La Fundación PROA, ubicada en el emblemático barrio de La Boca, celebra este año su trigésimo aniversario consolidándose como un referente en el ámbito cultural argentino. Desde su apertura en 1996, la institución ha ofrecido un espacio único que combina arte contemporáneo, educación y una variada oferta gastronómica, convirtiéndose en un destino ineludible para los amantes del arte y la cultura. Su imponente edificio de tres pisos no solo alberga exposiciones de renombre, sino que también invita a los visitantes a disfrutar de sus instalaciones modernas y acogedoras.

Las cuatro salas de exhibición de PROA, junto con un auditorio multimedia, una librería especializada y un restaurante-bar con terraza panorámica, crean una experiencia integral para el público. En cada rincón de este espacio, los visitantes pueden sumergirse en los grandes movimientos artísticos de los siglos XX y XXI, mientras disfrutan de un buen café y una selección de libros de calidad. La fundación ha sido reconocida con dos premios Konex por su significativa contribución a las Artes Visuales en Argentina, y su dirección está a cargo de Adriana Rosenberg, quien ha sido clave en su desarrollo y en la consolidación de su prestigio.

Recientemente, PROA inauguró la exposición "Penumbra: Día Art Foundation", que estará disponible hasta el 2 de agosto de 2026. Esta muestra, organizada en colaboración con Día Art Foundation/Beacon, presenta una selección de obras de artistas icónicos como Agnes Martin, Andy Warhol, Felix Gonzalez-Torres y otros. La curaduría, a cargo de Humberto Moro y Ella den Elzen, ha logrado reunir por primera vez en Argentina a figuras fundamentales del arte contemporáneo, lo que la convierte en un acontecimiento significativo tanto a nivel local como regional.

La temática central de "Penumbra" se enfoca en la experiencia de la luz y la percepción, proponiendo una reflexión sobre la obra de arte como un estado intermedio. Según las curadoras, la exposición invita a los espectadores a experimentar la obra no solo como un objeto, sino como una situación que involucra espacio y tiempo. Esta transformación en la percepción artística es clave para comprender el giro que ha tomado el arte contemporáneo, donde la materia se convierte en presencia y el espectador se transforma en un agente activo de la experiencia.

La historia de PROA está marcada por eventos destacados, como la primera gran muestra de Dan Flavin en Buenos Aires en 1998 y los wall drawings de Sol LeWitt. Estas exhibiciones no solo han enriquecido el panorama artístico argentino, sino que también han fomentado un diálogo continuo entre artistas, curadores y el público. La fundación se ha posicionado así como un espacio de vanguardia que no solo muestra arte, sino que también lo contextualiza dentro de una narrativa más amplia.

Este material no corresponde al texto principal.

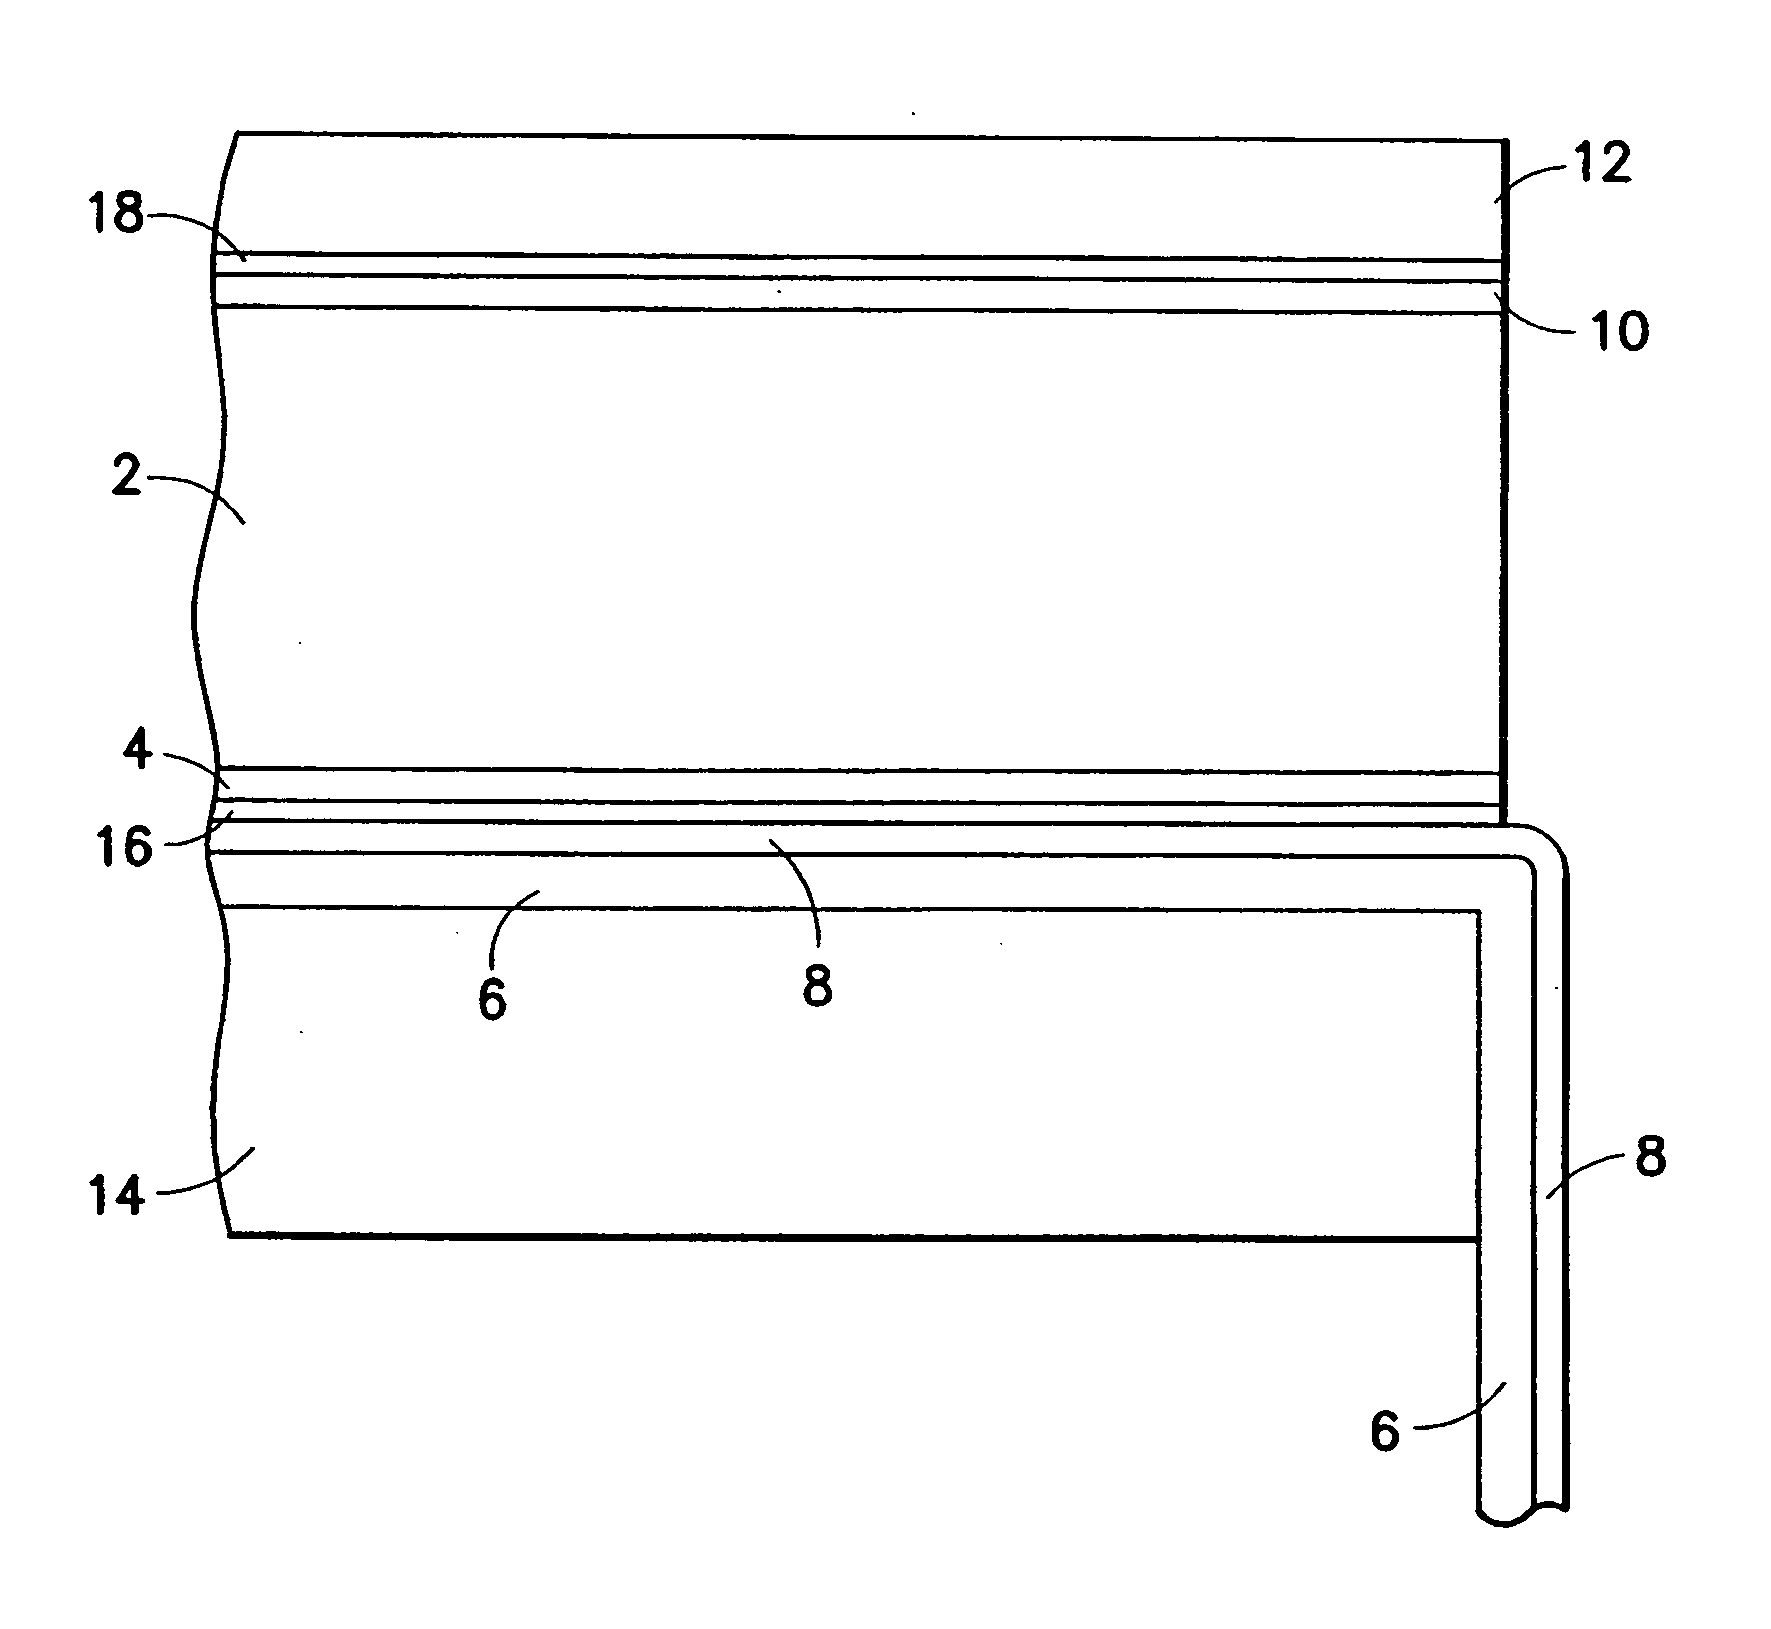 Method for enhancing epoxy adhesion to gold surfaces

En el segundo nivel del edificio, se encuentra la librería PROA, un espacio de acceso libre que ha sido diseñado para promover la literatura de editoriales independientes y diversas temáticas. Su responsable, Carlos Ávila, ha destacado la importancia de ofrecer un catálogo variado que fomente la lectura y el conocimiento, asegurando que la librería se convierta en un punto de encuentro para aquellos que buscan ampliar sus horizontes culturales. Con este enfoque, PROA no solo se limita a ser un centro de exposiciones, sino que también se convierte en un agente activo en la promoción del arte y la literatura contemporánea en Argentina.